Distance traveled (from the reference point of the photon) = zero.

It may have been emitted in one place and absorbed in another, but from the point of view of the photon, it didn't travel any distance to get to to where it was adsorbed from where it was emitted.
I know some physics.

The photon doesn't have a valid reference frame, so it's not useful to analyze that, however as a thought experiment you can take a massive object as a reference frame, and imagine what it experiences as it approaches the speed of light, and try to infer something about the photon from that.

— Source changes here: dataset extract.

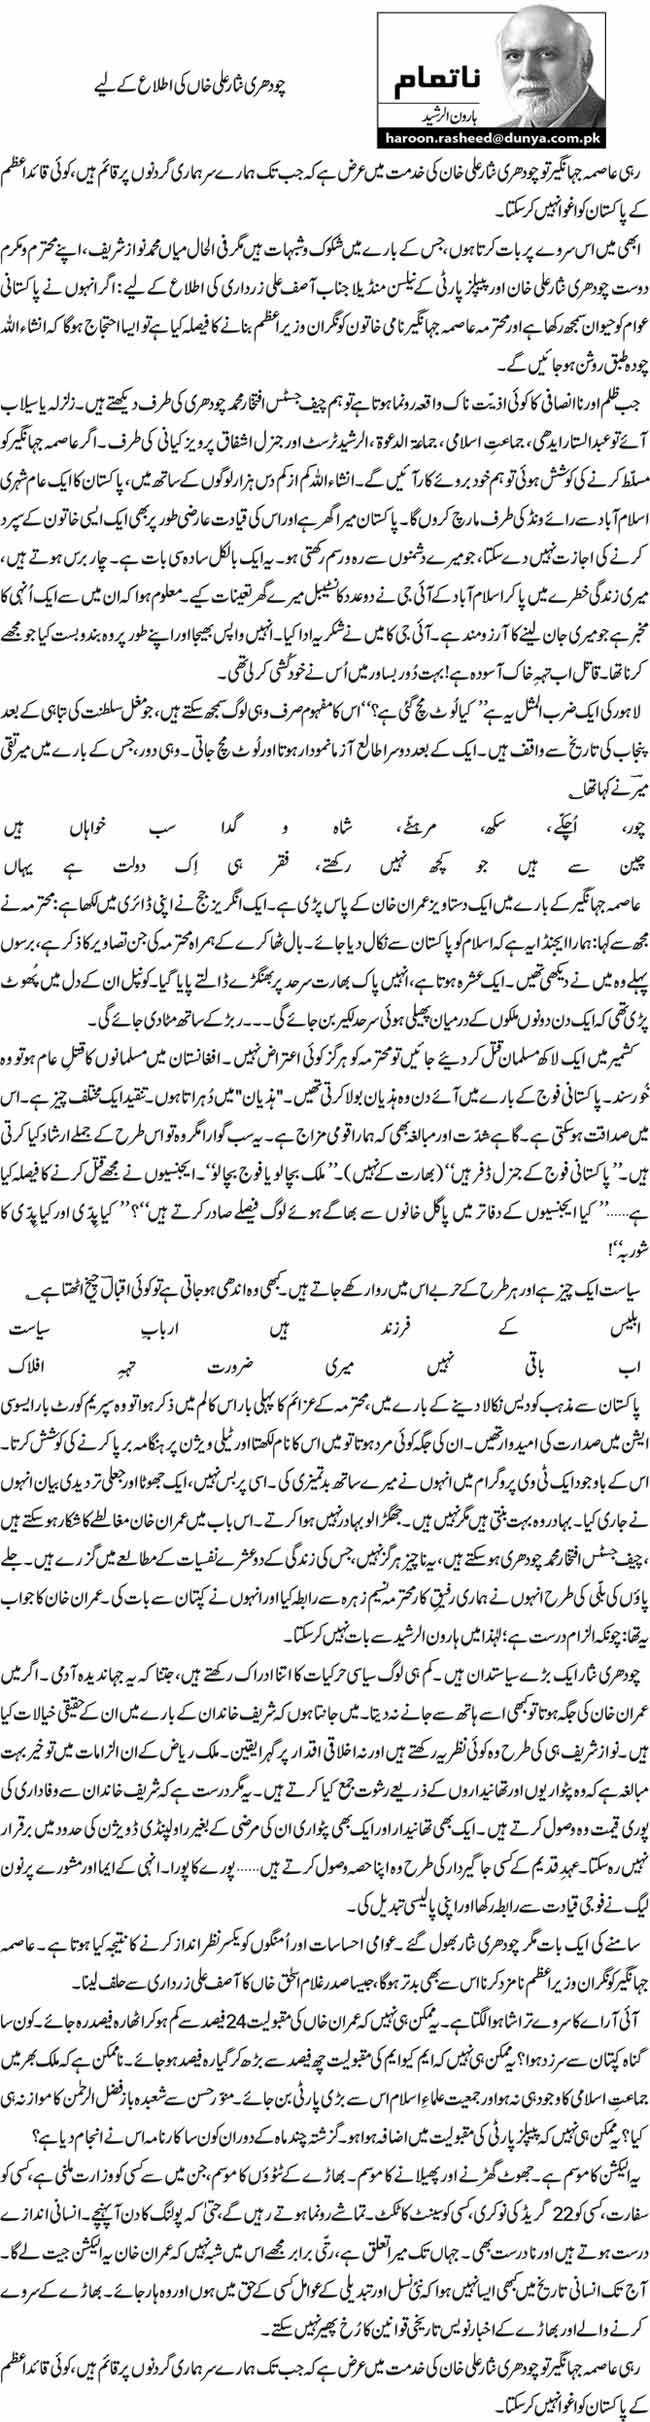 چودھری نثار علی خاں کی اطلاع کے لیے

So, what happens to a massive object traveling across the Milky Way galaxy at 0.9999999999999997c?
You would still see yourself traveling across the entire milky way galaxy, and you would see all the stars in it, so the distance would definitely be greater than zero, but the distance would appear reduced. Instead of the distance traveled appearing to be 100,000 light years which is what an observer on Earth would see you doing, you on your fast spaceship would have a slow running clock so it would only take you one day to travel the 100,000 light years. Since you can't go faster than the speed of light in your reference frame, you can't travel 100,000 light years in one day, so the way that is resolved by relativity is the distance you perceive to be traveling is less than one light day.

So you can see where you will run into problems trying to extrapolate this to a speed of light photon. How do you still observe all 100,000 light years of the Width of the Milky Way galaxy as you travel across it, (like the 0.9999999999999997c velocity traveler does), but do it in zero time? The only reasonable answer is that it's not a valid question, because the photon has no valid reference frame. We might as well ask how many angels can dance on the head of a pin.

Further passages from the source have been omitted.